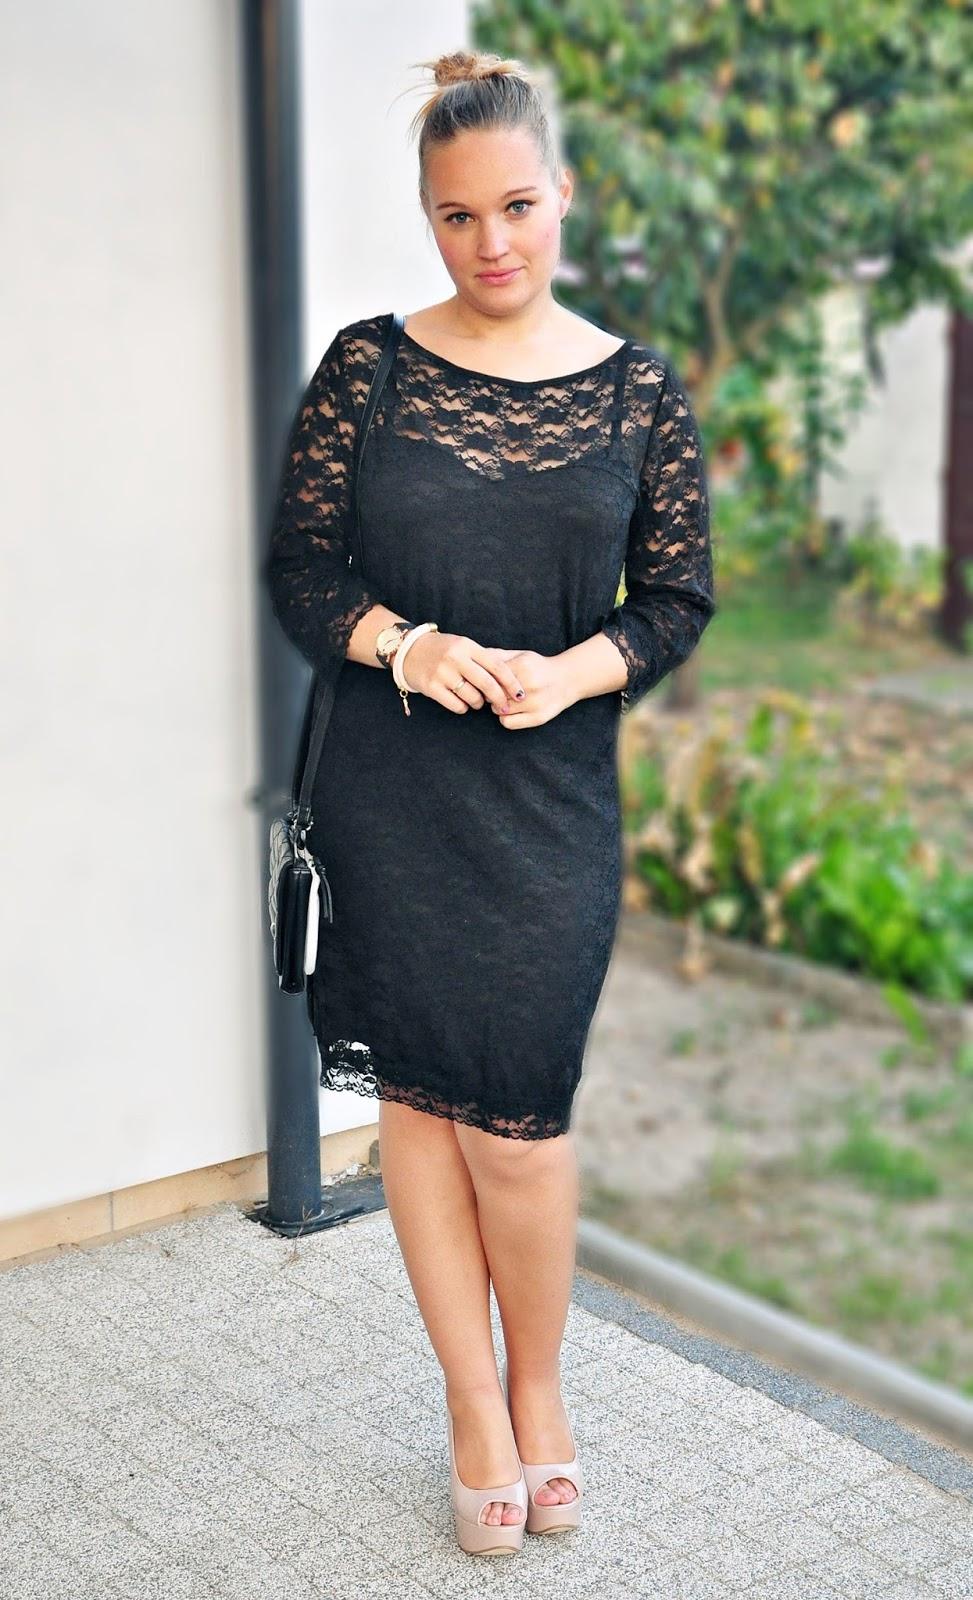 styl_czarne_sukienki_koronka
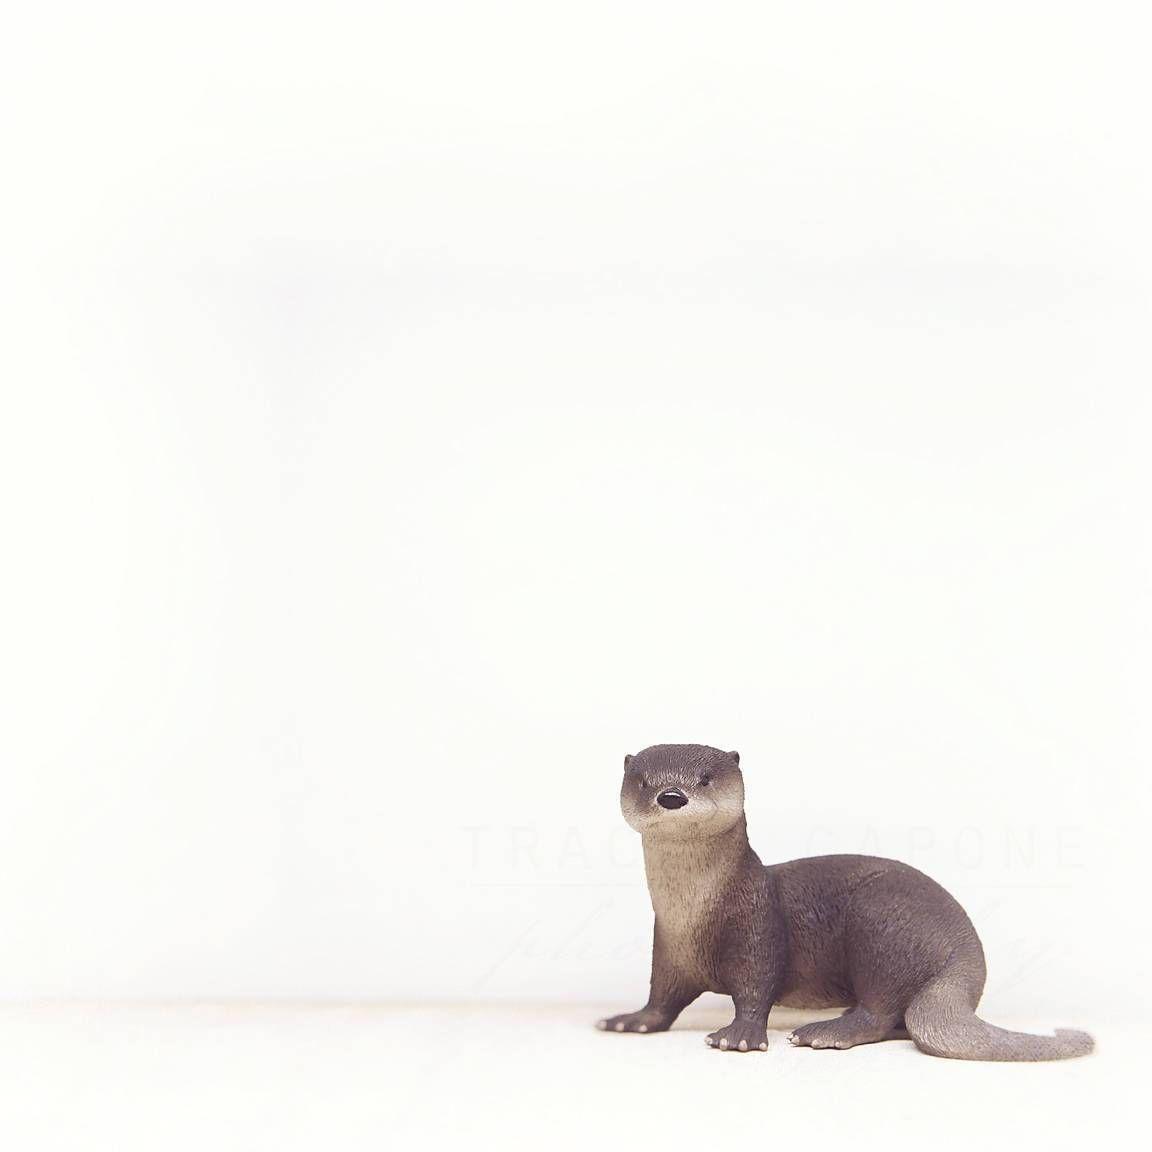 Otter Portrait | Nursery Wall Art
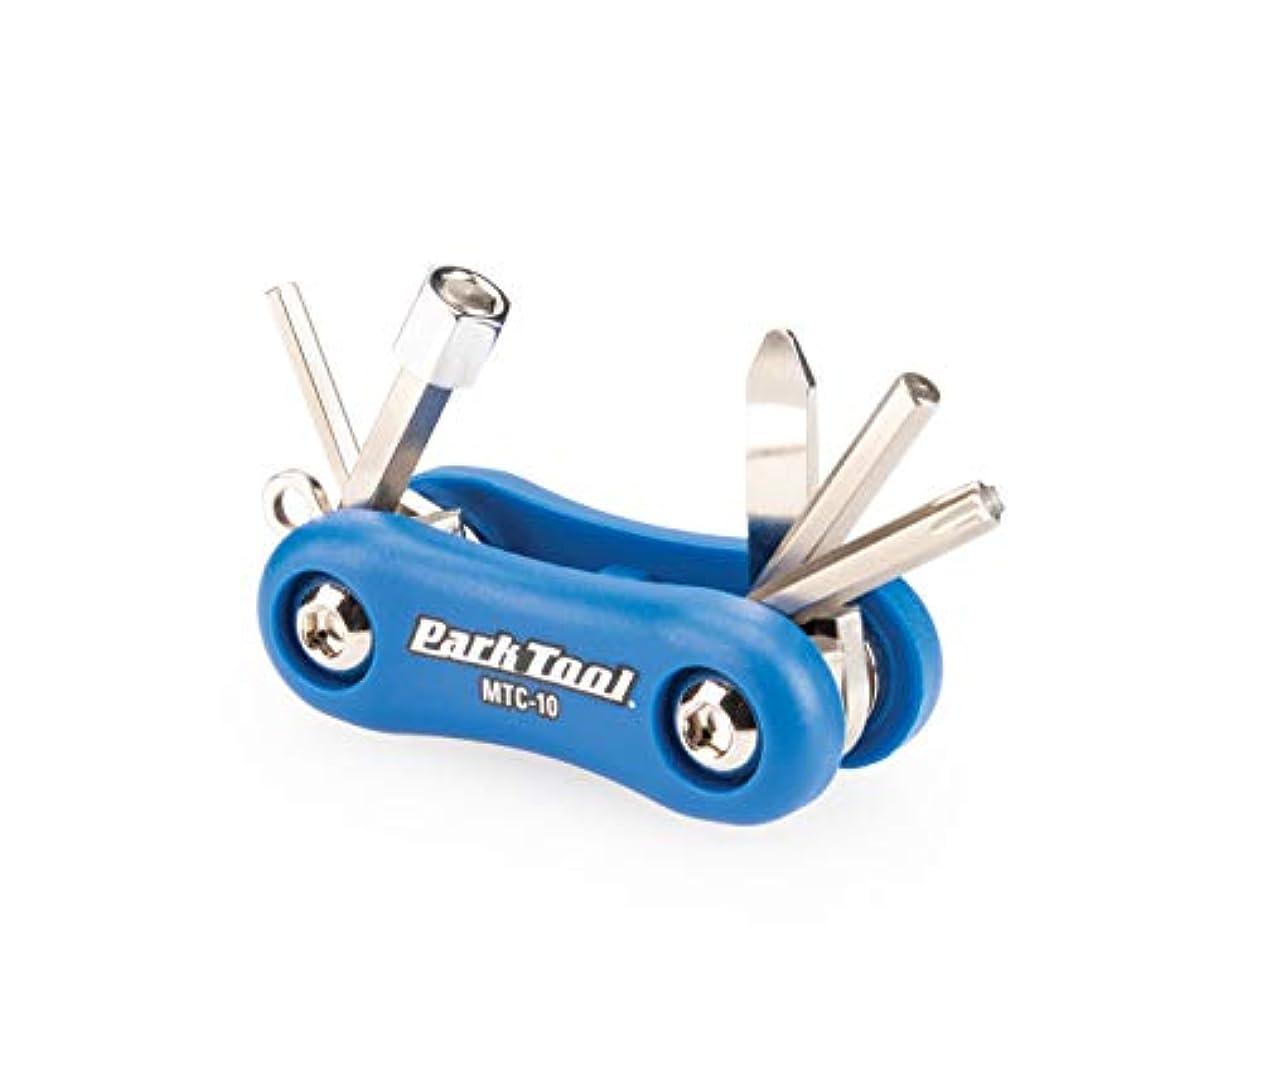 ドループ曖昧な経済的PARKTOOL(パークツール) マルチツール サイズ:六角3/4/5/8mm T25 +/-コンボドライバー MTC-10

----------

Directions:
From the material above, output every line exactly as written, dropping any picture.

Written answer:
 styl_czarne_sukienki_koronka
 Otter Portrait | Nursery Wall Art
 ドループ曖昧な経済的PARKTOOL(パークツール) マルチツール サイズ:六角3/4/5/8mm T25 +/-コンボドライバー MTC-10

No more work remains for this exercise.